I think both of us have experienced this

and like the delight

and the joy in doing science with Claude

and its current capabilities,

but then also now starting to think in the research group

that you're leading

and how we advance those capabilities.

And so maybe for a minute we can just chat a little bit

about how kind of current capabilities and ecosystems

and maybe even like extended context through MCPs

and life sciences start to create this base case

and then your thoughts on how we extend that

and even like push it further,

and you know, what that starts to look like and take shape.

- Yeah, totally.

So, you know, we've talked about this a lot.

I think that, you know, it's important to crawl,

walk, run in this space.

Right?

There's a lot of things about doing biology

and having AI, you know, be useful in science

that are different from having AI be useful-

- It is the AI space.

So maybe you like to use a old running analogy, you know,

you start fast,

you pick it up in the middle and you sprint home.

So very little crawling,

but just, you know,

sprinting and then sprinting faster.

- Sprinting, sprinting faster, then flying in a rocket ship

is what we're going for here.

But you know,

the very base level is we need Claude to be conversant

with all of the tools

that scientists are using every day, right?

And so there's a whole ecosystem of important tools

and partners out there that we are integrating with, right?

So we talk about Benchling on the, you know, experiment,

administration, lab notebook side of things,

10x Genomics with Cell Ranger, right?

Incredibly important platform for

analyzing single cell experiments.

And then PubMed, for example, for being able

to query the literature, right?

And so these are just three of a,

three incredibly important partners

in a much larger ecosystem.

And so that base level is we need to

make sure that Claude can talk to all the major sources

that scientists are using throughout, you know,

their daily work.

And then I think the next level is we want to bring Claude

to performing at the level of

a superhuman research assistant that can assist you

as a scientist throughout all stages of your project, right?
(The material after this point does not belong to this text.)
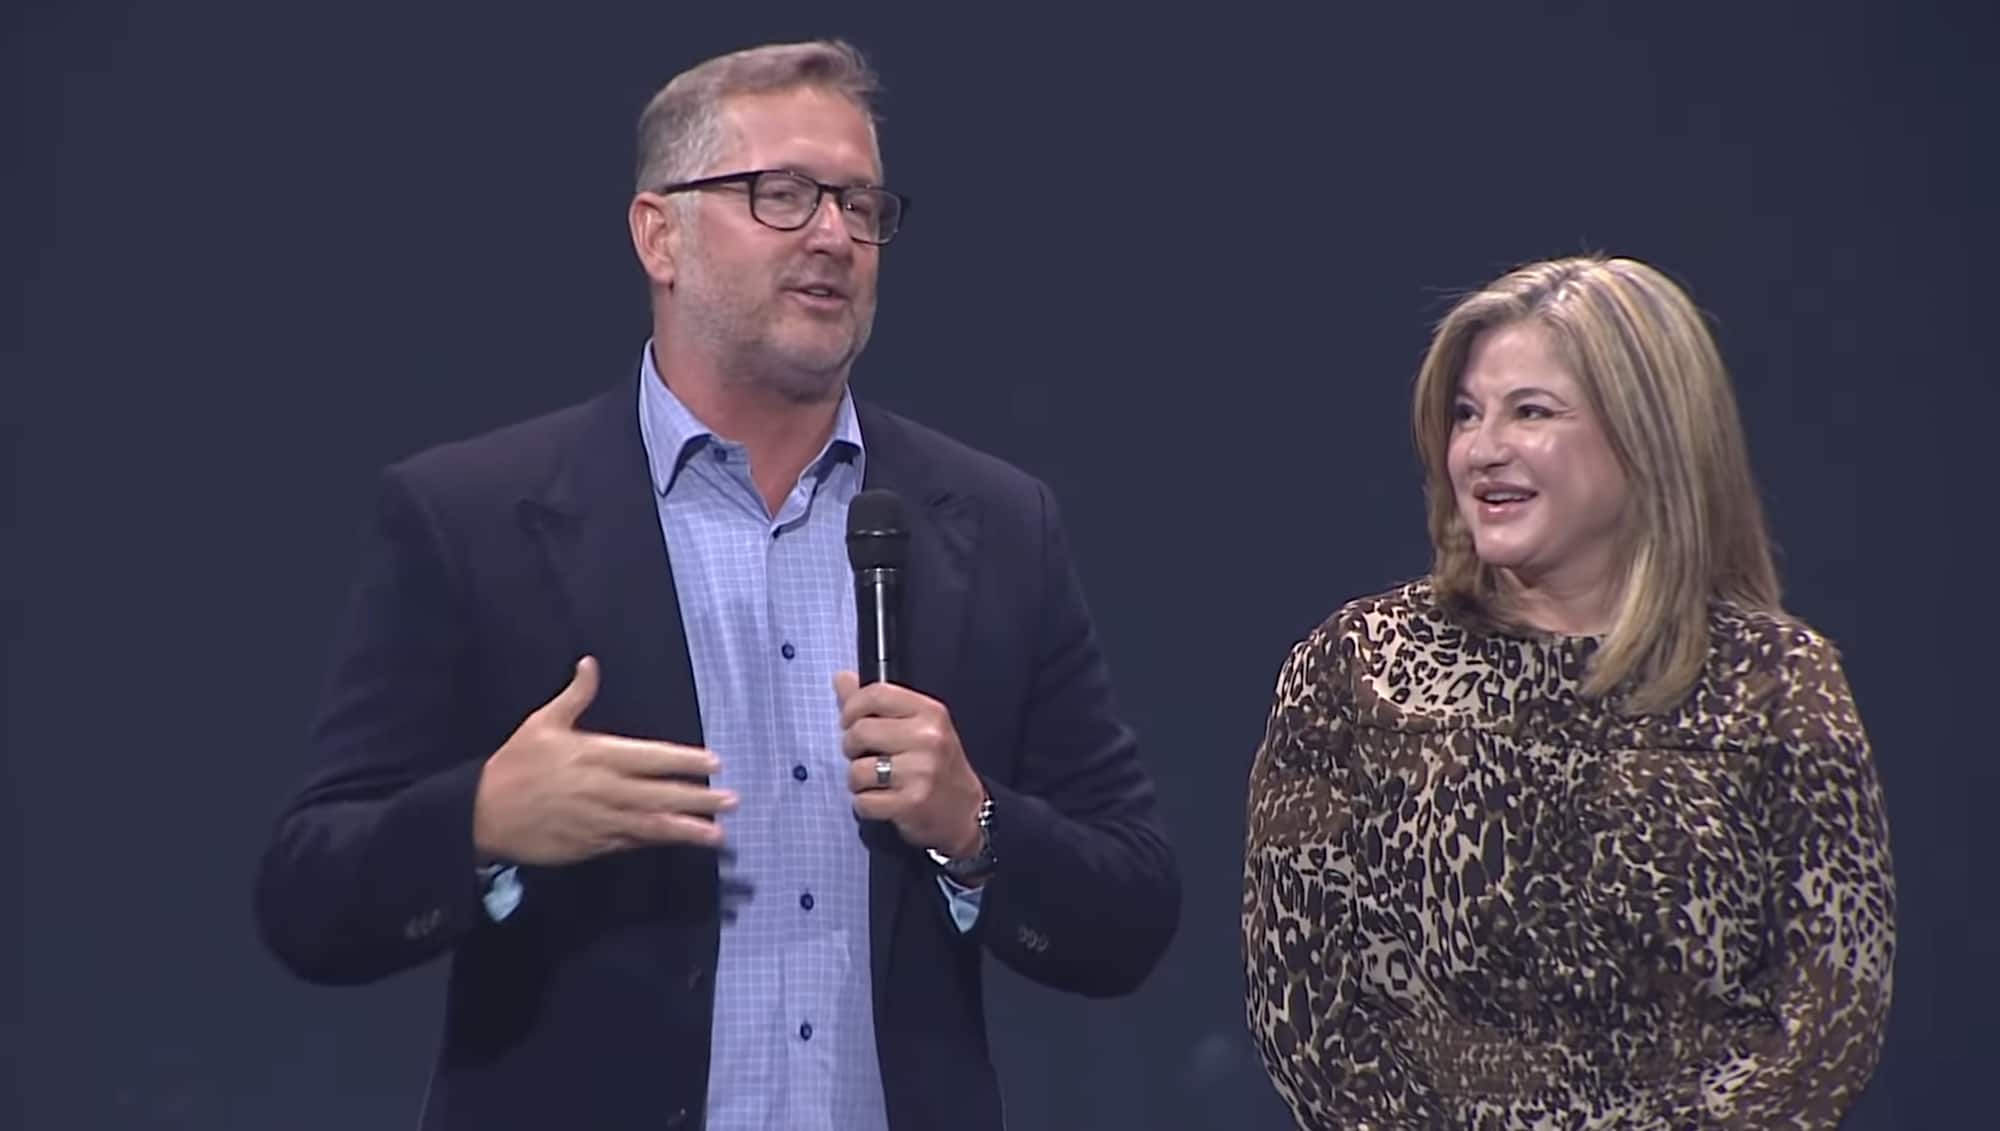 Ousted FL Megachurch Pastor Sues ARC, Alleging Conspiracy and Deception

From the early stage hypothesis generation

when things are more creative,

and you're reviewing the literature

and you're brainstorming,

to the experiment execution phase

where you're drafting protocols

and you're debugging things in the lab,

and even actually running those experiments in the lab,

to the computational

and data analysis side of things, right?

When you're running your bioinformatic scripts,

you're doing machine learning on top of that

or some statistics

and you're presenting the results to colleagues

or for yourself, right?

And so here, this is where

we've broken down tasks into all of those areas, right?

And we're figuring out,

"All right, how do we evaluate

how well our models and are doing those tasks

and how do we, you know,

rapidly improve performance in all of those areas?"

So we are making a big investment

in doing that right now.

And I think it's also important to say that we're, you know,

we're not just doing this generically, right?

Like in some ways,

you can't speak of life sciences

as one monolithic thing, right?

There's all these different subfields within it.

And we have a particular sequencing in mind

where we like to think of it as being,

consisting of this core of,

you know, important tasks that are shared

throughout many different fields.

And then within that there are different subdomains

that are really important, right?

And we want to address all of it,

but we're really focused on starting with that core,

that's gonna be useful throughout the whole journey.

- Yeah, I mean, you know, one thing that I'm really

ecstatic about with our current partners

and you know, folks that are involved early on here

to build this foundation, especially with MCPs,

is, you know, you mentioned 10x Genomics,

you mentioned PubMed,

you mentioned groups like Benchling

and then, you know, Sage Bionetworks, BioRender,

you know, kind of going back to that last point,

it really demonstrates

and hopefully puts to action

the fact that it's not just solving a problem,

but you know, in that group you've got the literature,

you've got instrumentation, you've got analytical workflows,

you've got the cherry on top

with that like perfect image

or, you know, network diagram in BioRender.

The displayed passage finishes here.